Ela riu, concordando.
- Nunca fui um homem religioso, você sabe muito bem disso, mas sempre me julguei falando com deus todas as vezes que toquei. Quando componho é como se eu ouvisse a sua voz, como se o clamor divino e acolhedor soasse no deserto do meu ser.
Sarah estava atenta. Abandonara o teclado do piano e sentara ao lado do pai para ouvi-lo melhor. Ele fixou os seus olhos e concluiu:
- Mas não é uma voz que vem dos céus, das alturas, é uma voz que sai de mim e retorna a mim. Deus está dentro de mim.
Ela aproveitou a deixa e perguntou tristemente:
- E você vai ter coragem de matar o deus que está dentro de você? Logo agora que essa voz está mais viva do que nunca...
- Nós já conversamos sobre isso.
- Desculpe-me, papai. É que eu não pude resistir...

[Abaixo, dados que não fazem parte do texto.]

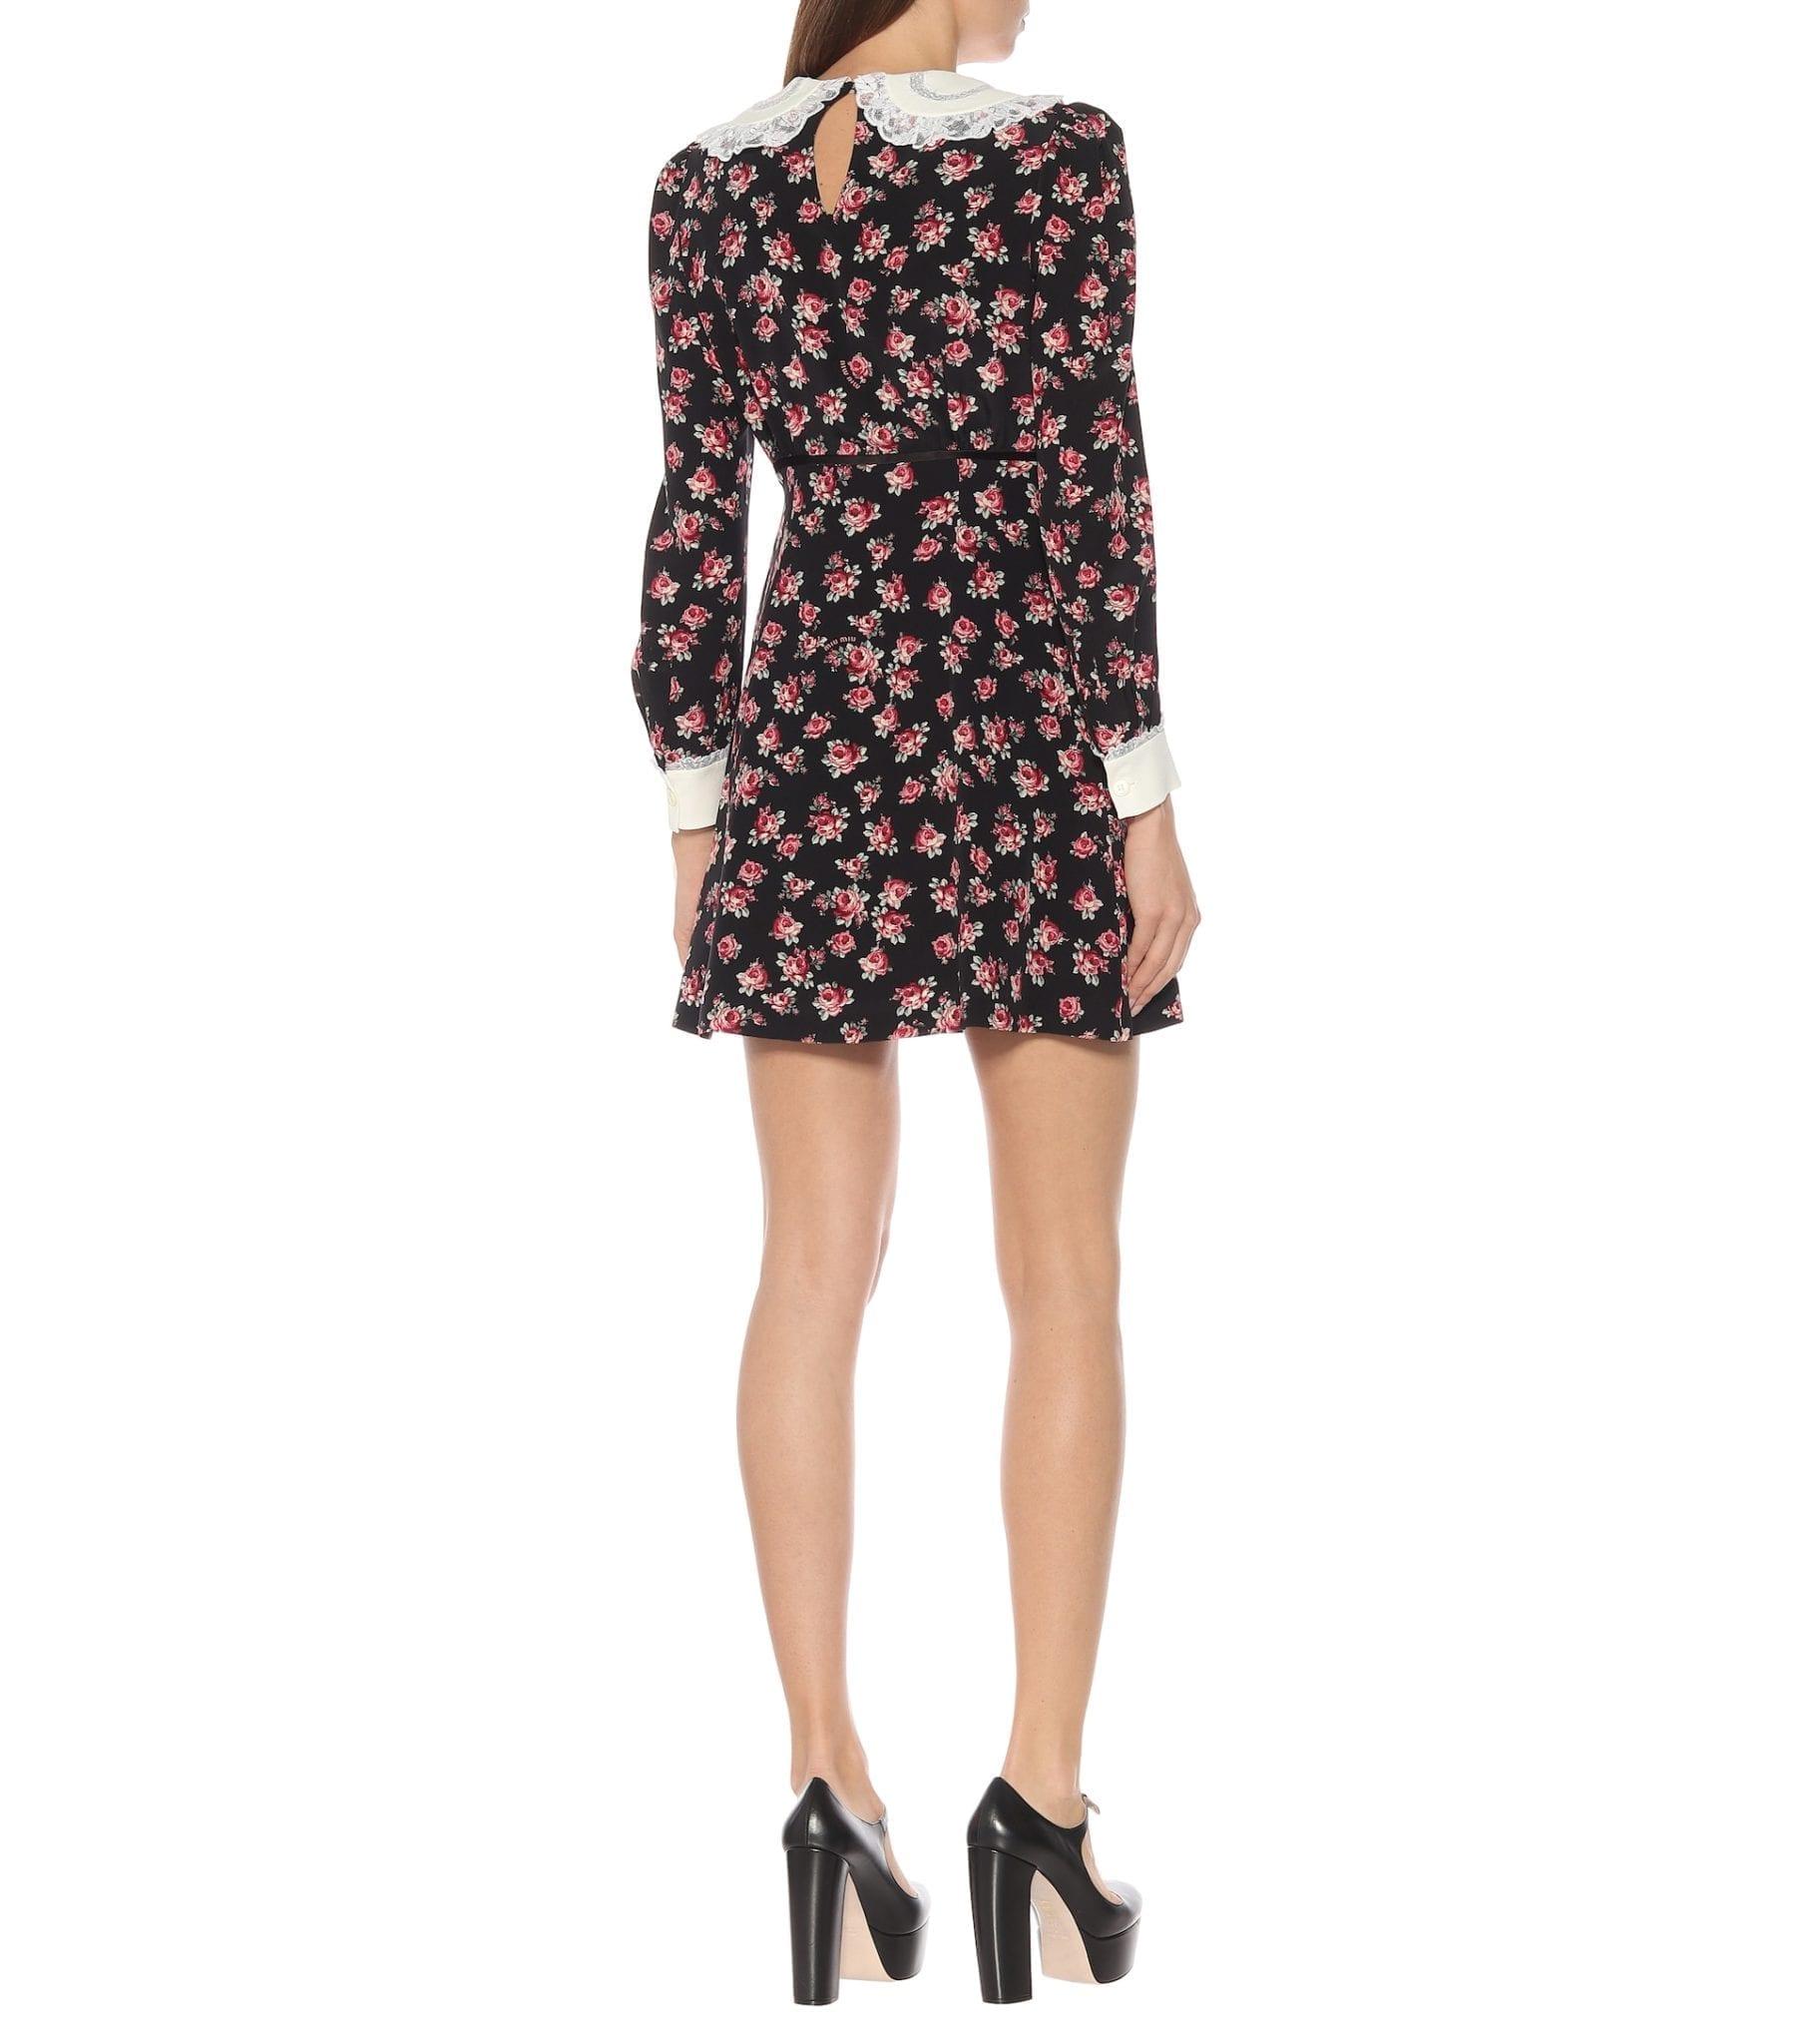 MIU MIU Floral Mini Dress

- Eu sei querida – respondeu ele, beijando a mão da filha. Fez uma pausa e continuou:
– Na verdade, a voz sempre soou, eu é que nunca tive coragem de dar forma e vida a ela – deu um longo suspiro e concluiu:
- A vida é irônica. Quando finalmente se decide ouvir os seus sons, quando as coisas se tornam grandes e plenas de sentido, o corpo resolve padecer e nos retirar do espetáculo."
Conexão Literatura: Como o leitor interessado deverá proceder para adquirir um exemplar do seu livro e saber um pouco mais sobre você e o seu trabalho literário?
Luanda Julião: O livro está disponível na loja online da editora: https://editorapatua.minhalojanouol.com.br
Conexão Literatura: Existem novos projetos em pauta?
Luanda Julião: Estou concluindo um livro de Contos e minha tese de doutorado.
Perguntas rápidas:
Um livro: A insustentável leveza do ser
Um (a) autor (a): José Saramago, Conceição Evaristo
Um ator ou atriz: Viola Davis
Um filme: Melancolia
Um dia especial: O dia em que minha sobrinha Esther nasceu.